Tous les chapitres voient leurs crédits de paiement progresser, hormis les subventions d'investissement du chapitre 68-80 dont les dotations régressent fortement, mais portent sur des montants il est vrai plus symboliques.

Evolution des crédits du titre VI

(millions d'euros)

LFI 2002

PLF 2003

Evolution (%)

68-02. Participation de la France au FED

AP

3 353,40

0,00

N.S.

CP

218,46

496,00

+127

68-80. Subventions d'investissement

- art. 10 : aide à des projets de coopération

AP

0,76

0,50

-43,3

CP

1,07

0,30

-72

- art. 40 : établissements culturels et de

coopération AP

3,35

3,00

-10,4

CP

3,58

2,85

-20,4

- art.60 : projets de coopération militaire

AP

1,22

0,90

-26,2

CP

1,22

0,85

-30,3

68-91. Fonds de Solidarité Prioritaire

AP

150,16

190,00

+26,5

CP

112,20

112,00

-

68-93. Dons destinés à financer des projets mis en oeuvre par l'AFD

AP

152,45

190,00

+24,6

CP

137,20

137,00

-

Total AP

3 661,34

384,40

N.S.

CP

473,73

749,00

N.S.

1. La contribution française au Fonds européen de développement : davantage de sincérité, mais une efficacité toujours à prouver

Le PLF 2002 avait été marqué par le transfert du budget des Charges communes au budget du ministère des affaires étrangères de la participation de la France au FED, mouvement qui avait été préconisé depuis longtemps par votre rapporteur et apporte davantage de cohérence et de lisibilité .

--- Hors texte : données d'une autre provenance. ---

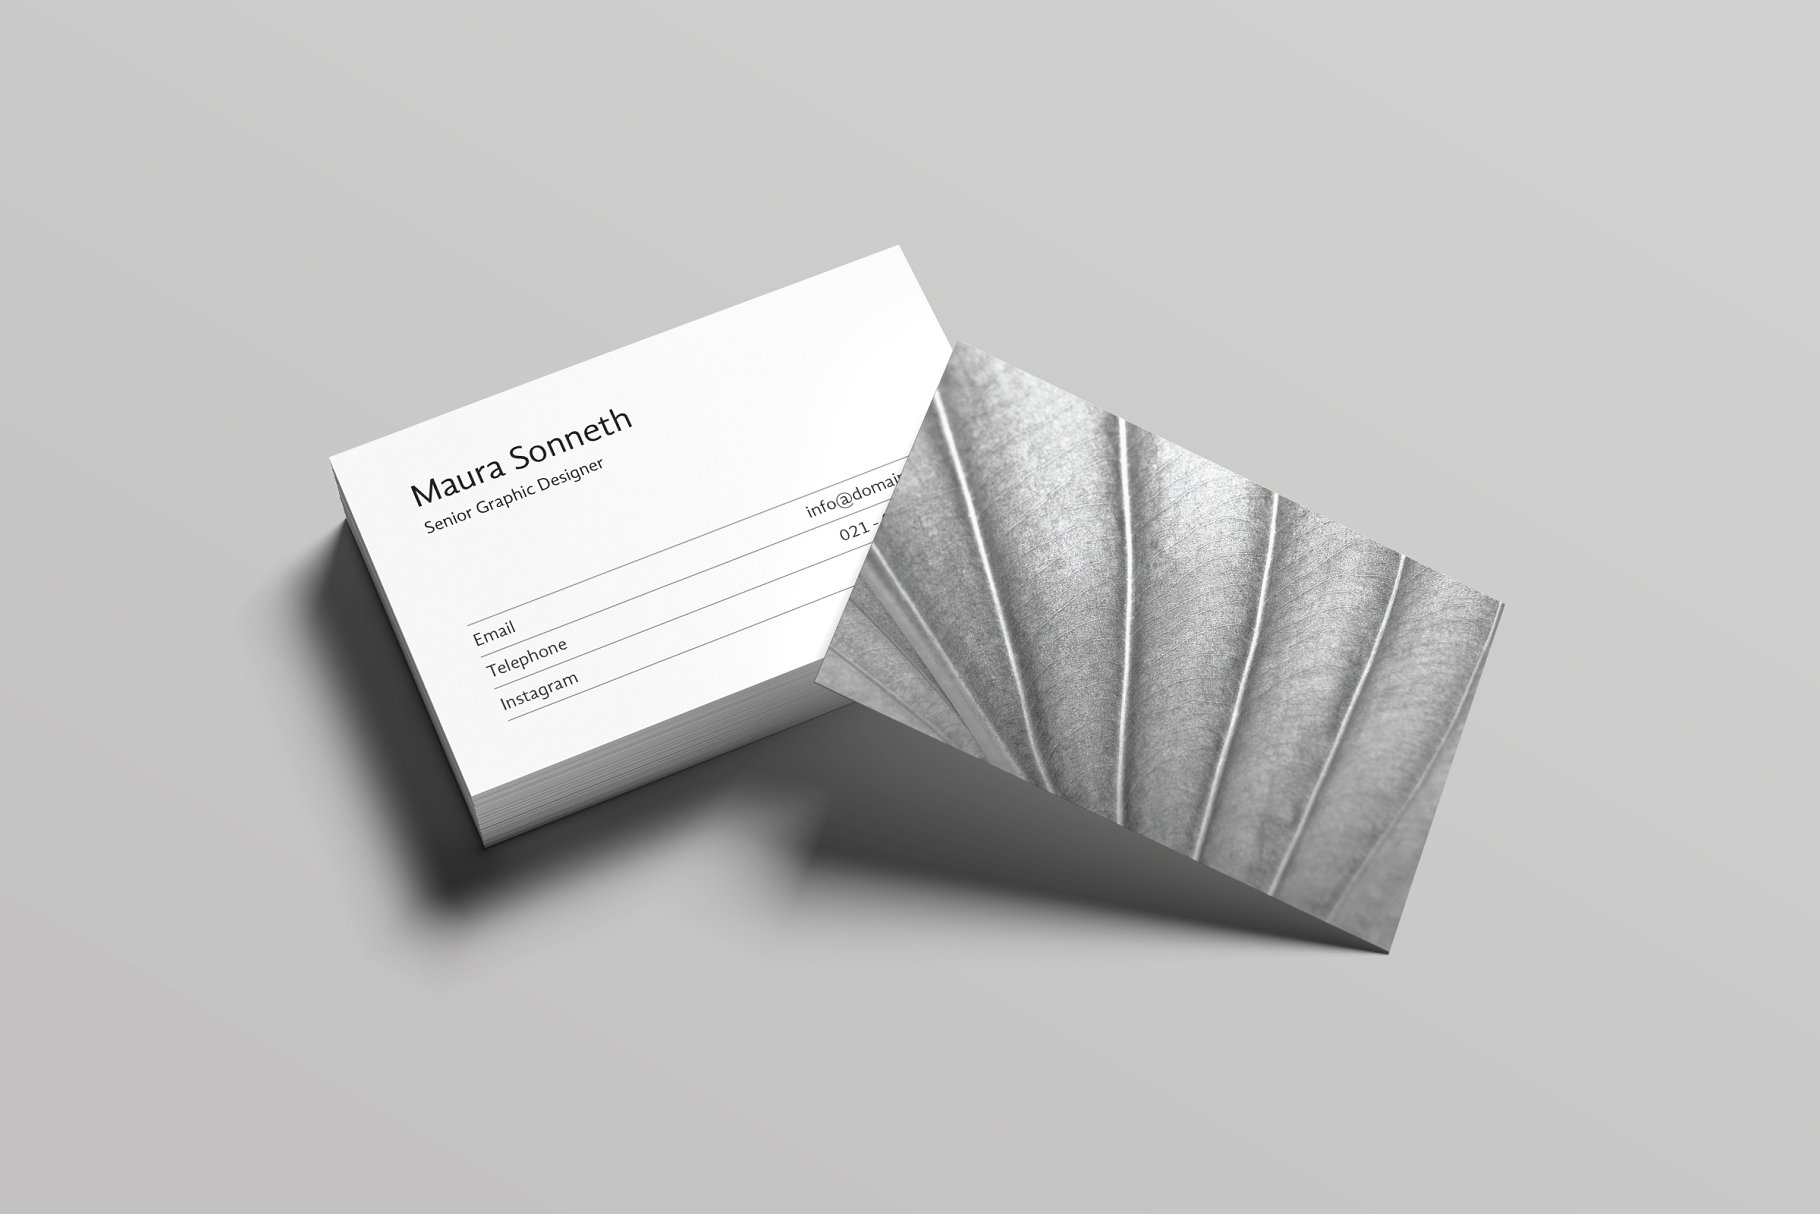 极简主义设计风格企业名片设计模板 Sonneth Business Card Template插图(1)

Le montant inscrit pour l'exercice 2002 avait cependant été volontairement sous-estimé , de sorte qu'il a fallu procéder à un nouvel abondement de 137 millions d'euros en loi de finances rectificative. Les prévisions d'exécution à fin septembre 2002 établies par le Trésor, qui intègrent également les 286 millions d'euros de reports en début d'exercice, font ainsi état de 641 millions d'euros de crédits de paiement (y compris l'apurement de la dette de la France relative au STABEX, mécanisme que l'accord de Cotonou a rendu caduc), à comparer avec les 218 millions inscrits en loi de finances initiale. Le projet de budget pour 2003 prend dès lors acte de ce décalage et procède à une « opération vérité » par une inscription de crédits plus conforme à la réalité 19 ( * ) . Il s'agit également de donner des gages à la réforme en cours de l'aide européenne (cf. encadré ci-après), par une relance des crédits des paiements susceptibles d'accélérer la mise en oeuvre des nombreux projets dormants.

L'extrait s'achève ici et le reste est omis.